Having considered the facts of this matter as they were assumed to be for the purposes of the argument, I have reached the clear conclusion that this case is not one in which the standing of the applicants to sue should be recognized. Notwithstanding their special position as ministers of religion, I do not think that they stand in any different position from countless other members of the community who, with varying degrees of commitment, profess the Christian faith. That circumstance, coupled with the absence of any threat to any proprietary or possessory interest, persuades me that there is no conclusion open other than that standing to sue should be denied.
In the course of his submissions, counsel for the applicants referred to a passage from the Gospel according to St. Matthew (Chapter 16, verse 18) in which Christ says, in relation to Peter, "Upon this rock I will build my church". Counsel said that this passage tended to show that ministers of religion, as distinct from lay members of the Church, were in a special position and thus had an interest in maintaining the sanctity of the Scriptures beyond that of an ordinary member of the public. Counsel also said that, if the matter were fully heard, the only additional material upon which he would seek to rely would be further passages from the New Testament also showing the special position of ministers of religion. I do not consider that the question of whether ministers of religion are given a special place in the exposition of Christian doctrine and teaching is of assistance in resolving the mixed question of fact and law of whether they have standing to sue in a case such as this. If, within the teaching of any particular denomination of the Christian faith, they do have such a special position, it would not, in my opinion, overcome the legal problems which the authorities to which I have referred show the applicants to have. Many people in the community have a concern about the screening of a blasphemous film. But that concern, in whatever depth and however genuinely and sincerely it may be felt, does not permit such a person to resort to the Court.

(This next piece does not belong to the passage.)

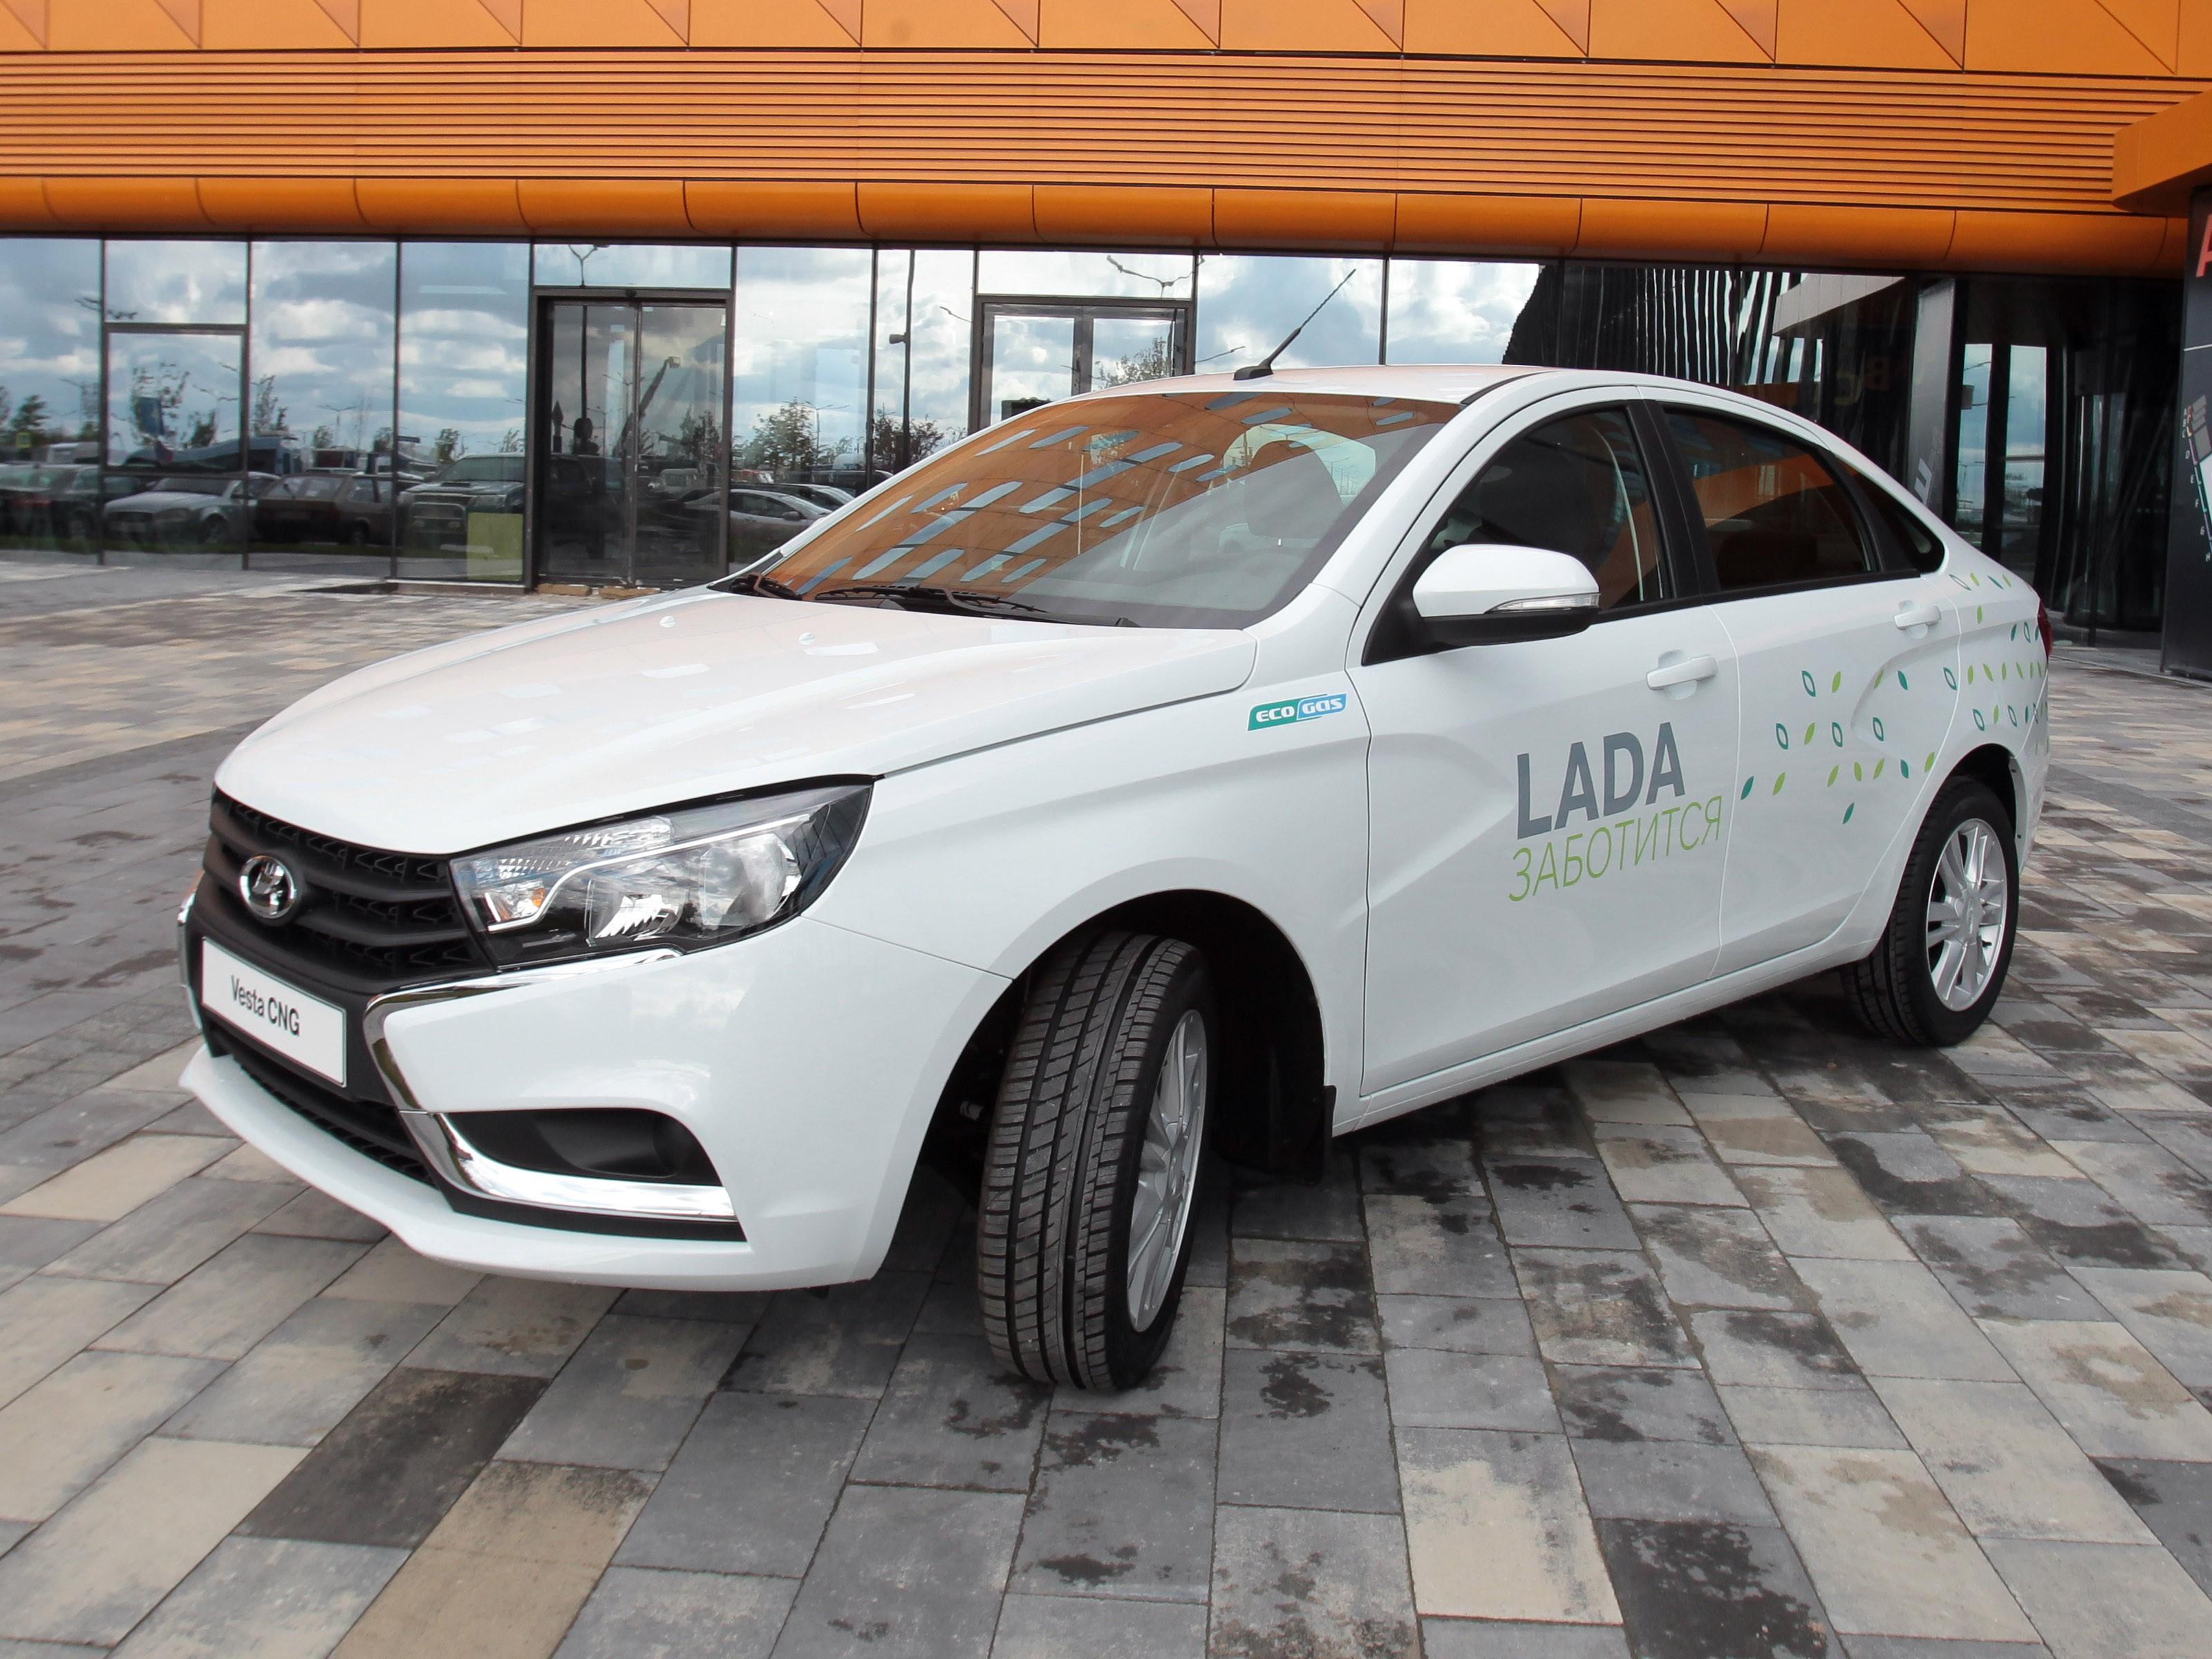 2015 Lada Vesta CNG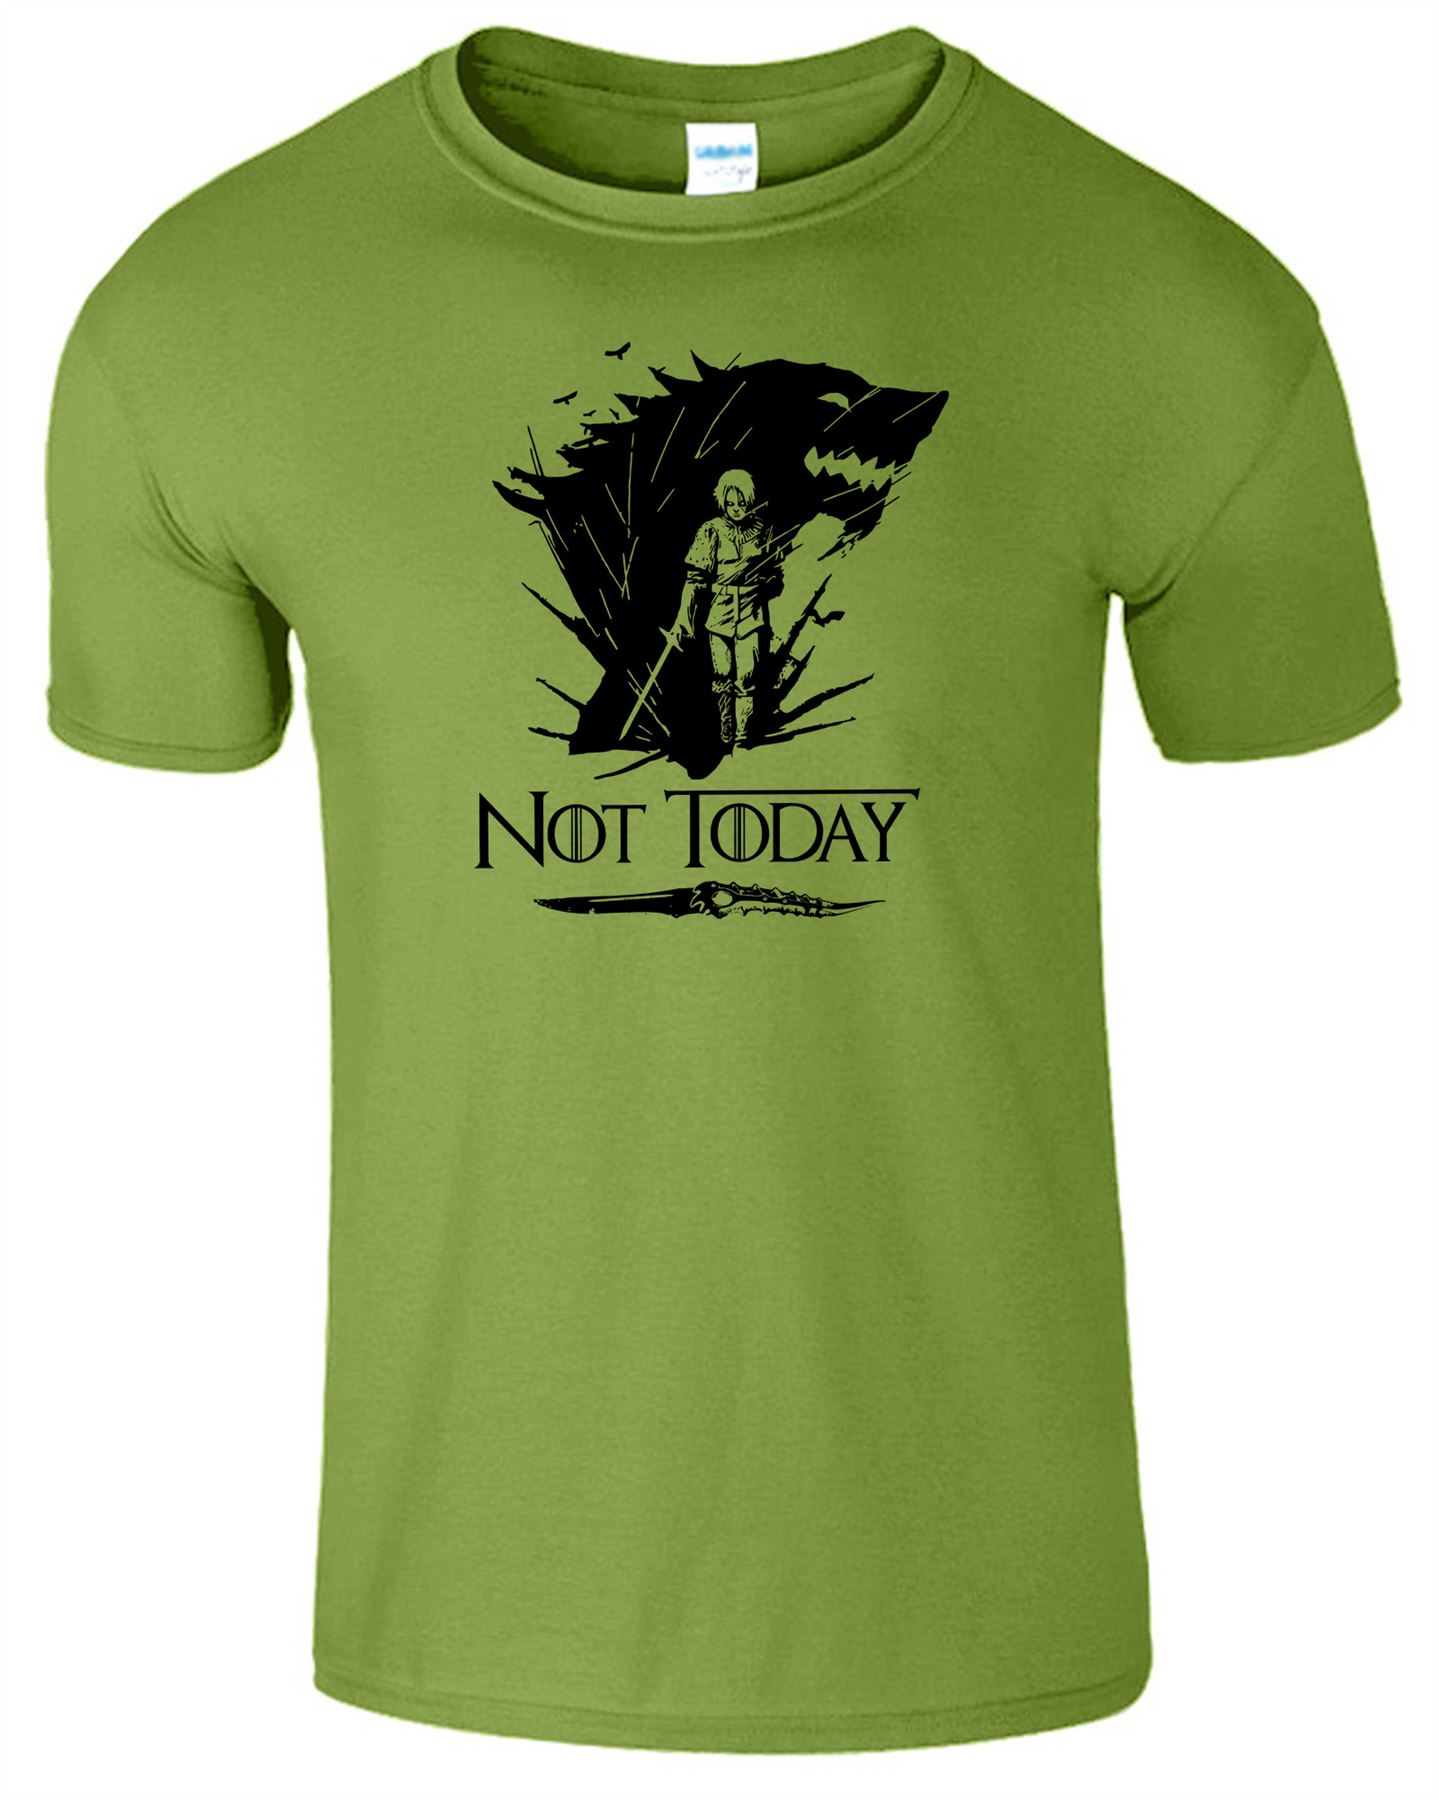 Arya-Stark-Not-Today-T-Shirt-Mens-Game-Season-Womens-Shirt-Adults-Unisex-Fit Indexbild 25

The policy of the legislation, as disclosed in the regulations, is to entrust the question of censorship of films to the first and second respondents. No provision is made for any appeal or objection by members of the public. If a member of the public feels injured by what he or she sees as a breach of the law administered by the respondents, his only remedy is a relator action by the Attorney-General for which he needs the Attorney-General's fiat.
I would have preferred to deal with the question of standing, not pursuant to an application based on Order 20, rule 2, but as a separate question determined as a matter of substance rather than in a summary way; cf. Yango Pastoral Co. Pty Limited v. First Chicago Australia Limited (1978) 139 CLR 410 at pp 419-420 and TVW Enterprises Limited v. Duffy (1985) 62 ALR 63 at p 68. But, if this course had been taken, I am satisfied that the result would have been the same. No additional evidence which might have been led by either party would have changed the essential facts. In those circumstances, the most economical course, from the point of view of expense to the parties and the time of the Court, is to bring the proceedings to an end now.
I order that the application be dismissed. The applicants are to pay the respondents' costs of the notice of motion and of the application itself.